- [HOW TO COMPLETE THIS TASK]:
Pictures aside, reproduce exactly each line from the one holding "4 Ways to Accelerate" through the last line of the material, both ends included.

- [THE DATA]:

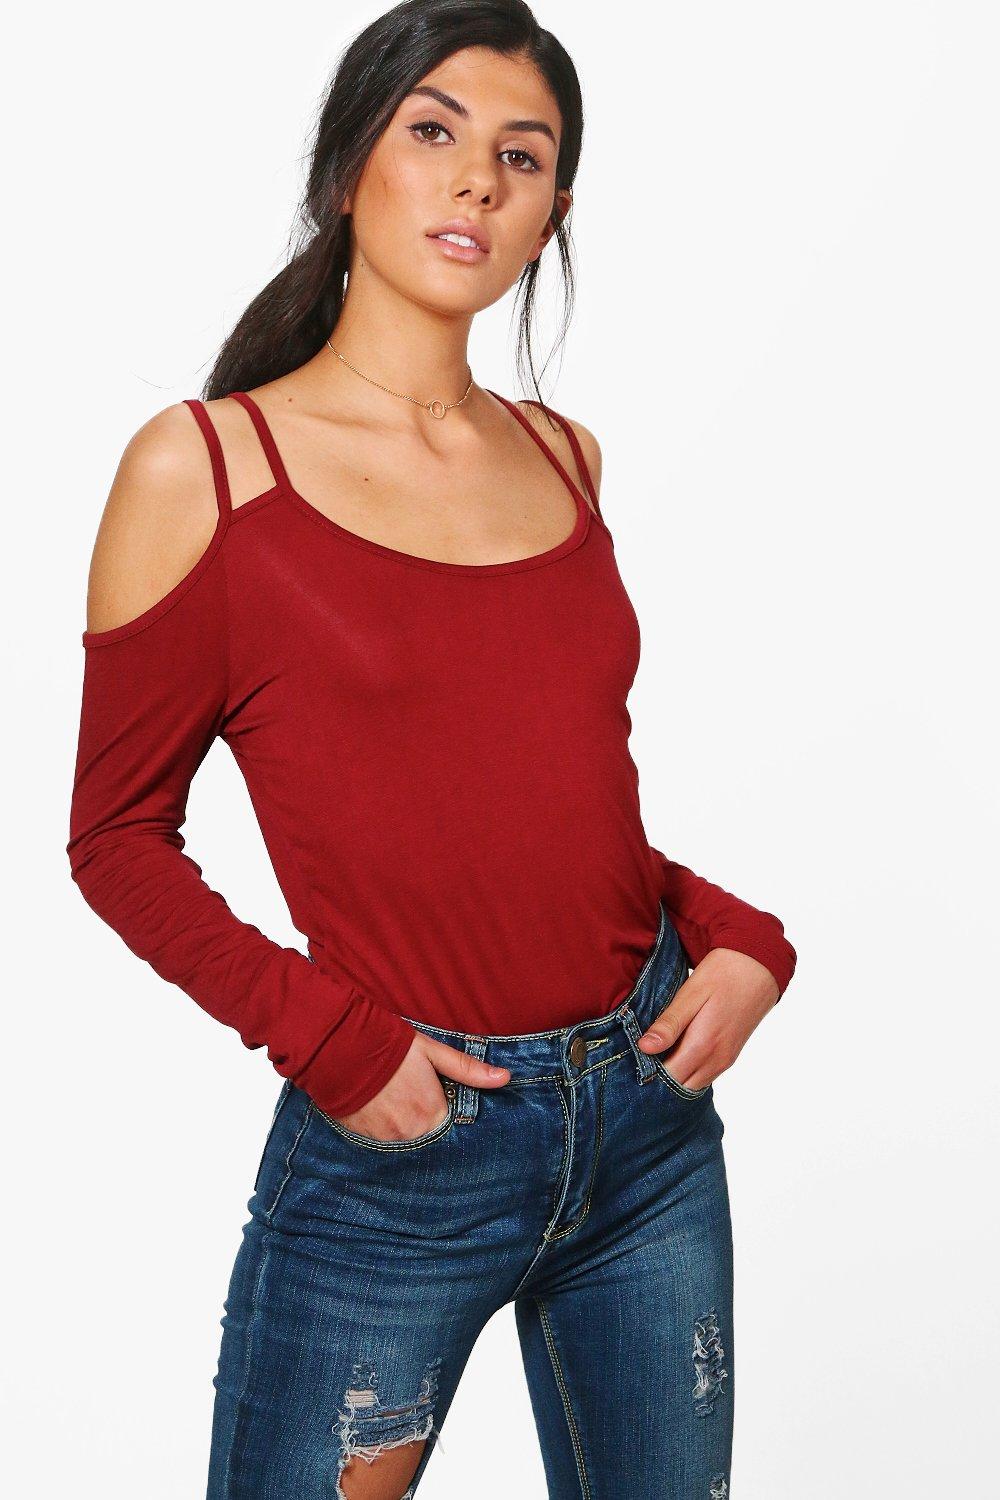 Boohoo Womens Mila Long Sleeve Cold Shoulder Strappy Top | eBay
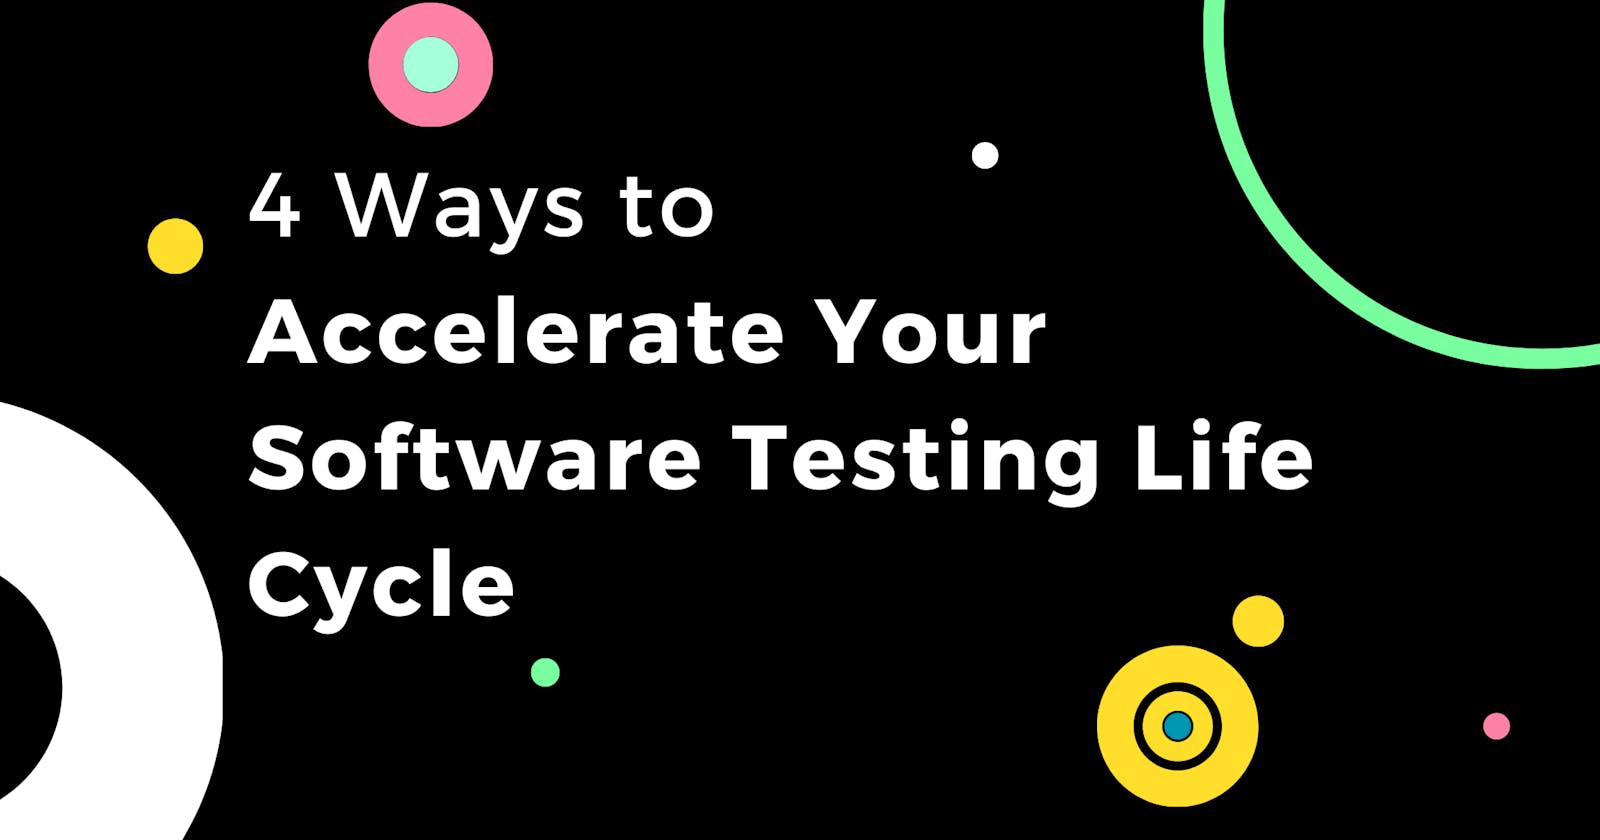 4 Ways to Accelerate Your Software Testing Life Cycle
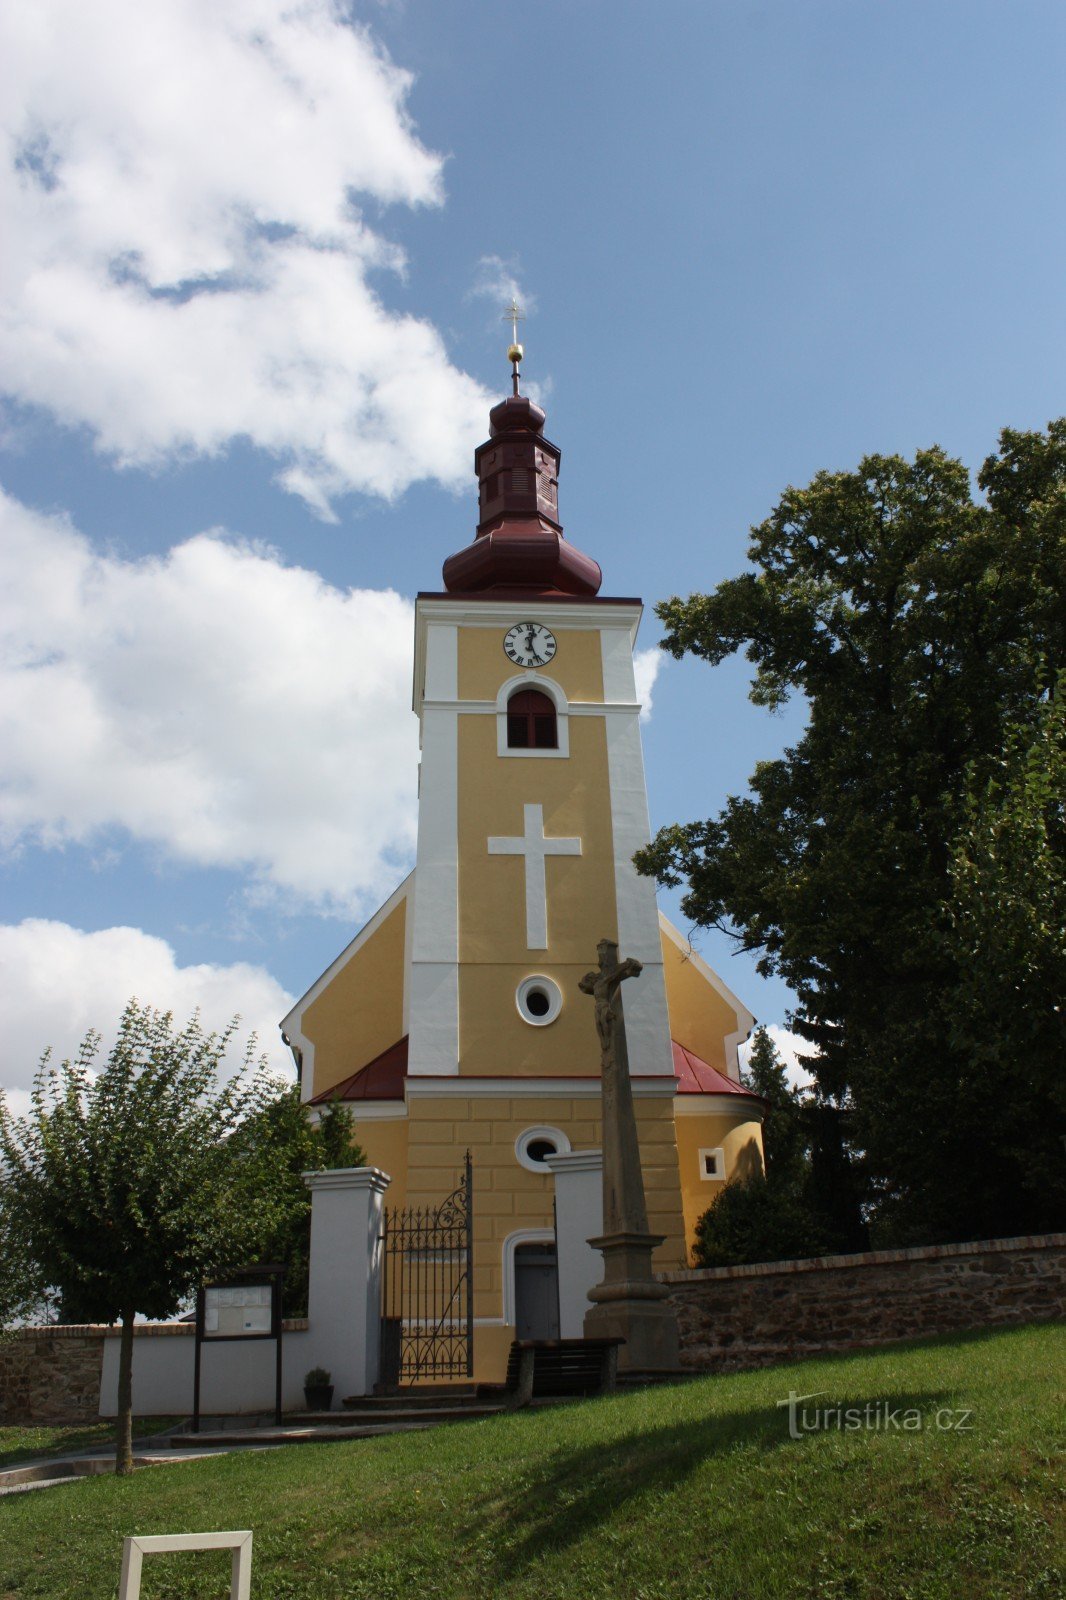 The Tree of Reconciliation in front of the church in Kučerov

- [ANSWER FOR THIS EXERCISE]:
 4 Ways to Accelerate Your Software Testing Life Cycle
 The Tree of Reconciliation in front of the church in Kučerov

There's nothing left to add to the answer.